Boxart for the board game Spyfall - two smartly-dressed spies stand below the game's title

Critical Play – Spyfall

Spyfall is a social deduction game created by Alexandr Ushan. It was initially released as a card game, but I played a free, online version created by Luke Tsekouras. It is very quick to learn and has a family-friendly theming, which makes it great for a general audience. The main thrust of the game is the tension it creates between gaining information and revealing information. The game emphasizes social deduction in two key ways: by (1) tasking players either with uncovering how much information other players have or hiding their own lack of information, and (2) creating a tension between revealing information and gaining information.

The game puts players in the role of a spy organization that is meeting at a secret location, with one enemy spy having infiltrated their ranks. The loyal spies have the objective of figuring out which player is the enemy spy, while the enemy spy has the objective of guessing the secret meeting location and keeping their own identity secret. The game’s competing objectives produce dynamics of social deduction as players try to hide the information they have while deducing what information other players have.
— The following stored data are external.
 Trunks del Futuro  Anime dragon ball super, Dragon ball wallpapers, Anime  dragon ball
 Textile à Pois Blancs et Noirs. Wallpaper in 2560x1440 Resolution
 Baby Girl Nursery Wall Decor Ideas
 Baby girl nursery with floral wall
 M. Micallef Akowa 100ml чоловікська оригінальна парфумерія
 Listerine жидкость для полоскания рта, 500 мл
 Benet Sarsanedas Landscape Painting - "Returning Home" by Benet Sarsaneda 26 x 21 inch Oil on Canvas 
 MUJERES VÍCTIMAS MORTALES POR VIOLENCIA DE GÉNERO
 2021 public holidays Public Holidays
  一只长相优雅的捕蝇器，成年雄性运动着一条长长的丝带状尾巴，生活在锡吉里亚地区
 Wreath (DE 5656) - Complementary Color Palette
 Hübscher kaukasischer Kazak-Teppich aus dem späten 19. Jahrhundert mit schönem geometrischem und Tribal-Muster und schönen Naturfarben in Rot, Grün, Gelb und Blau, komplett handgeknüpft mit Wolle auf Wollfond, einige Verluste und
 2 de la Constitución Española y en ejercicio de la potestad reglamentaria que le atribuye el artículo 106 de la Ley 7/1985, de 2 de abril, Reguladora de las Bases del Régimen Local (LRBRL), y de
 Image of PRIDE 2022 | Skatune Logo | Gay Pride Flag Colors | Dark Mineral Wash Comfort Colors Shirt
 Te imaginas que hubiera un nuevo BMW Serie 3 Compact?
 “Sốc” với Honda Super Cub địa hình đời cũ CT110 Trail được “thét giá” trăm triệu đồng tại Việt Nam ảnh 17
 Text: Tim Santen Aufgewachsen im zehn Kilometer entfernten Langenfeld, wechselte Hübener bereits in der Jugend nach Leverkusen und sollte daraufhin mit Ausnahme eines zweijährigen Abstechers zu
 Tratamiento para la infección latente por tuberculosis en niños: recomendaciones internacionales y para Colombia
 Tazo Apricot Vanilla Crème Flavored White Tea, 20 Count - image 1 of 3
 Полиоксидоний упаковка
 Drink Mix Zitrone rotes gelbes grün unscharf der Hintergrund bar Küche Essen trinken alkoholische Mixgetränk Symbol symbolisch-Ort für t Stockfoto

The game further emphasizes social deduction by creating a tension between revealing information and gaining information. Players rotate asking one other player a question about the secret location. Loyal spies want to ask questions specific enough to gain useful information about the other players’ roles, but vague enough that they don’t reveal the secret location to the enemy spy. On the other hand, the enemy spy wants to ask to gain information about the secret location, but they risk revealing themself if their questions are too vague or present false assumptions about the secret location. Because players need to balance the discovery of information against revealing information to the spy, coming up with clever questions becomes a fun challenge. Social deduction arises as a dynamic as players are required to anticipate how much information other players may be able to glean from the questions they ask and the responses other players give. Cleverly, performing this social calculus of information exchange requires players to draw on their specific knowledge of other players’ past, lived experiences, mannerisms, etc. For example, one round the enemy spy was able to deduce that we were on an ocean liner because I said my family “likes going there often” (my grandparents like to vacation on cruise ships). This creates an aesthetic of fun-as-fellowship that emphasizes the social deduction elements of the game.

One weakness of the game is the way that the mechanics and theming conflict, which undermines the game’s ability to create fun-as-fantasy. The premise of the game suggests players are role-playing spies having a secret meeting. However, as the enemy spy’s objective is to guess the secret location the other players know, the game seems to require the enemy spy to guess the location of a secret meeting they’re currently attending. The theming is a bit ambiguous, so we could imagine that the enemy spy is trying to guess the loyal spies’ next secret meeting location. But then how are the spies all communicating? The game’s murkiness means it somewhat undermines its own premise of role-playing spies, and players who want to lean into the fantastical and narrative elements of roleplay might find difficulty doing so.

This could potentially be resolved by slightly adjusting the premise: rather than the enemy guessing the location of a secret meeting, perhaps they could be guessing the location of the organization’s secret base. Or perhaps the enemy spy is guessing the loyal spies’ next secret meeting location, and spies are communicating via secret missives. Since the spies suspect an enemy moves amongst them, it would make sense for them to intercept each others’ messages and for “secret” missives to be known to all players. Since these changes do not require changes to the mechanics of the game, they could clear up the premise’s ambiguity, enabling players to buy into the roleplay more while keeping the social deduction elements of the game intact.

Despite not capitalizing on its potential for roleplay, Spyfall’s social deduction elements are effective because of the ways players are made to navigate opposing objectives under information asymmetry and the challenging tension between keeping secrets while probing for clues.